Directions
The entries that follow include a run beginning at the line with "Renowned Scientist turned" and ending at the line with "Hardy Bros Fishing"; restate that run word for word and leave the rest out.

Data under study
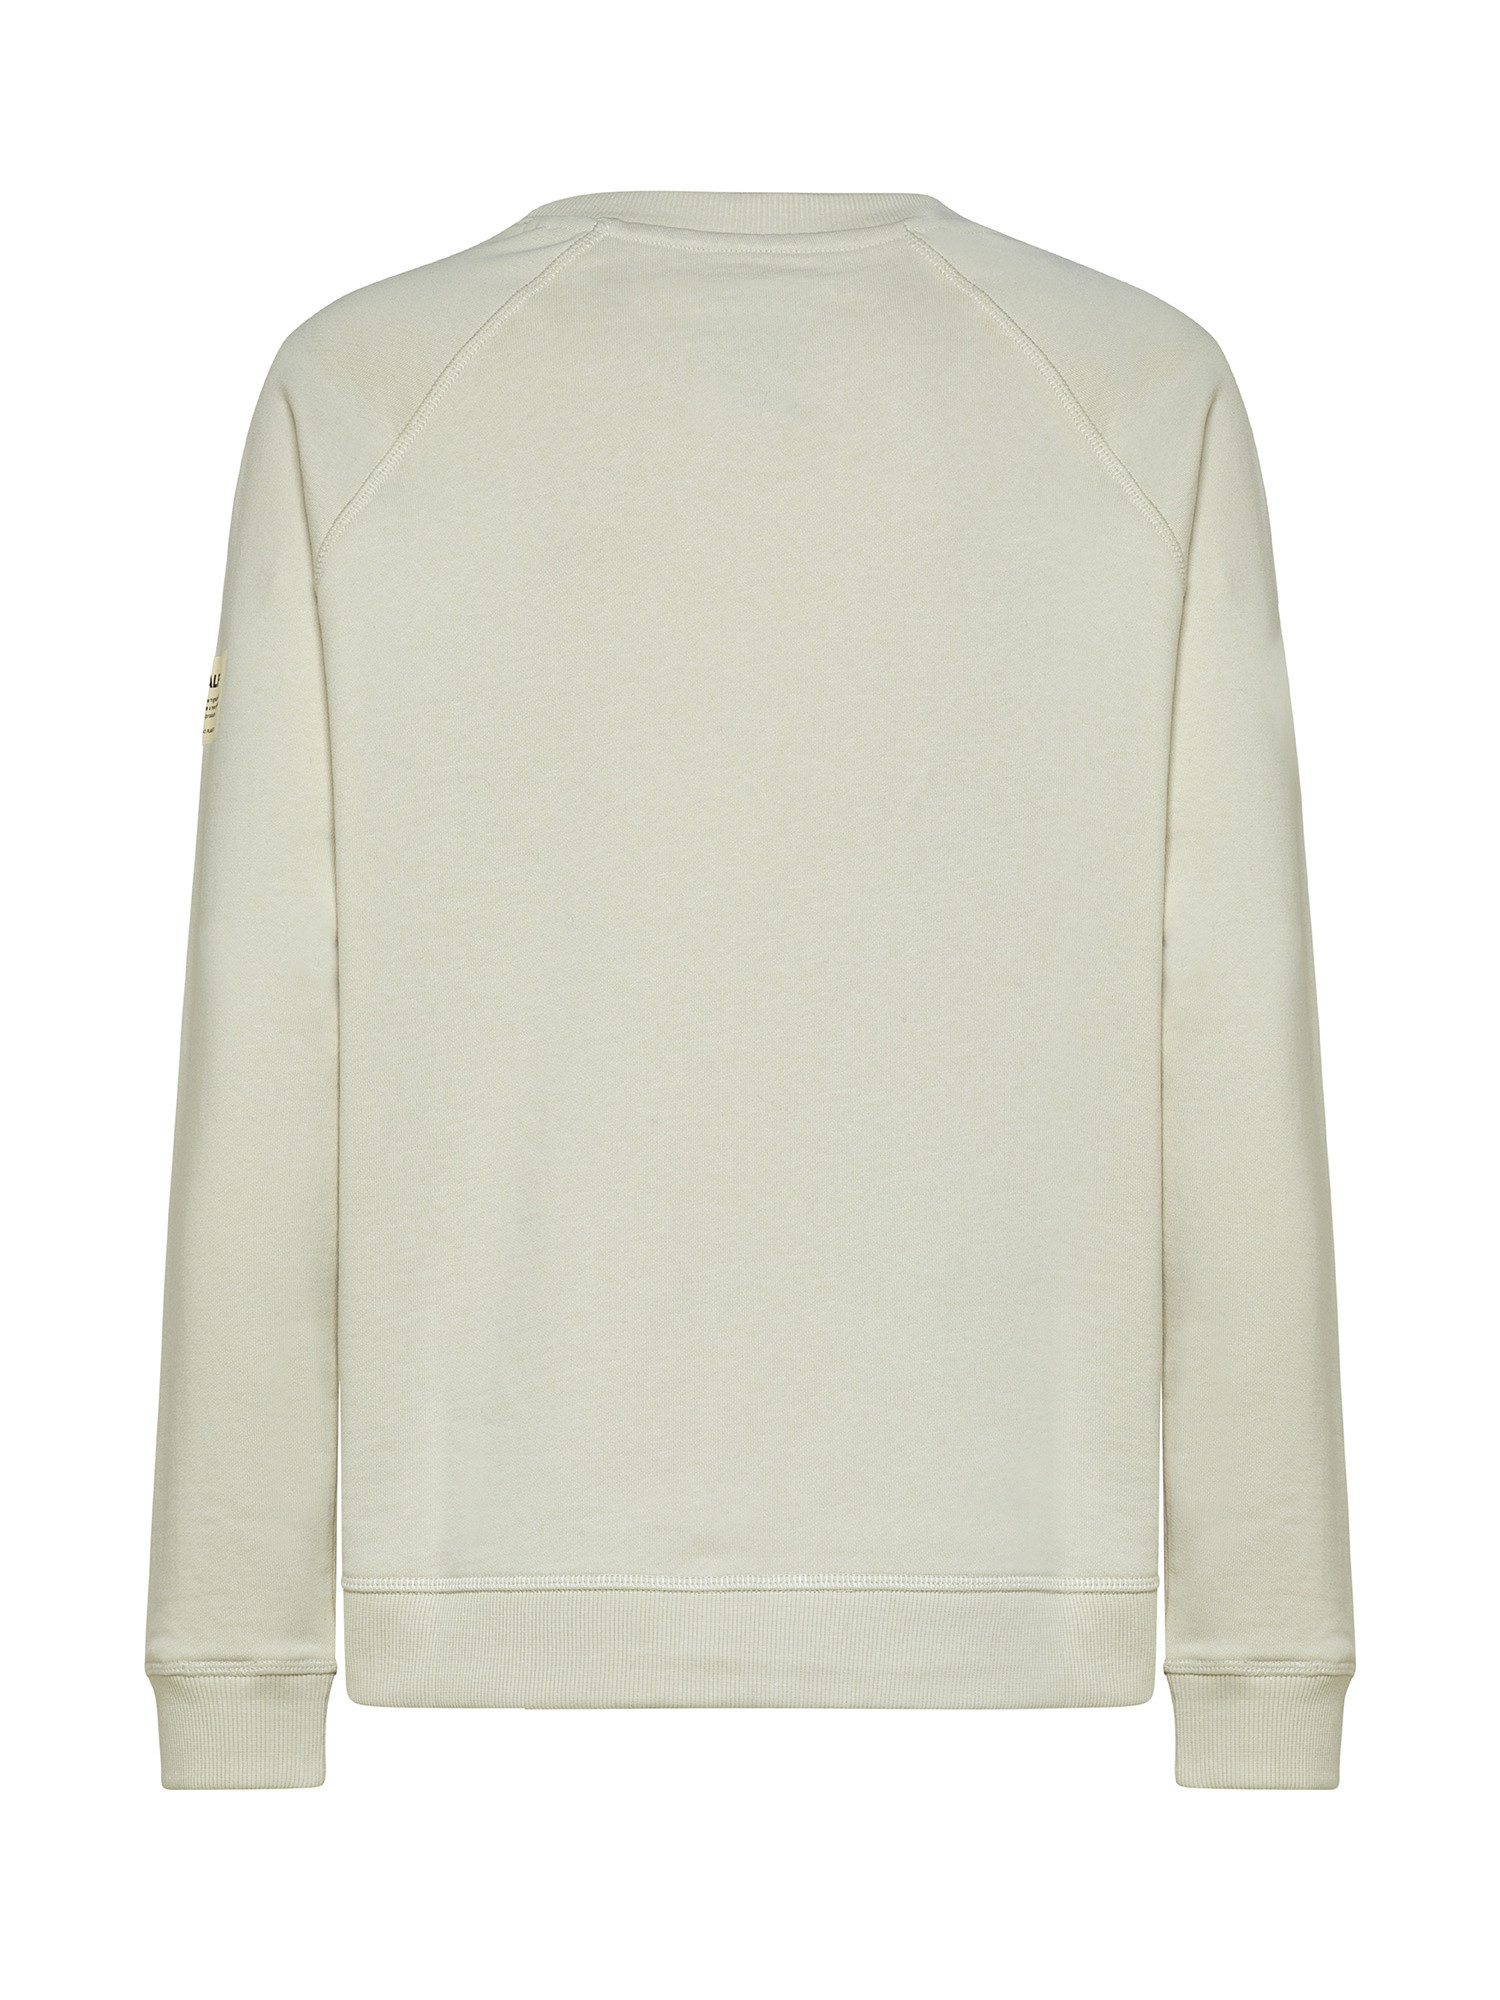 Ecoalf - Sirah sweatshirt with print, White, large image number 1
==
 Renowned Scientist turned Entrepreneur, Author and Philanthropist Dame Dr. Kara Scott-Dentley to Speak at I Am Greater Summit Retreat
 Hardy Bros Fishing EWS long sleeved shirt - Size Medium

Response to this exercise
 Renowned Scientist turned Entrepreneur, Author and Philanthropist Dame Dr. Kara Scott-Dentley to Speak at I Am Greater Summit Retreat
 Hardy Bros Fishing EWS long sleeved shirt - Size Medium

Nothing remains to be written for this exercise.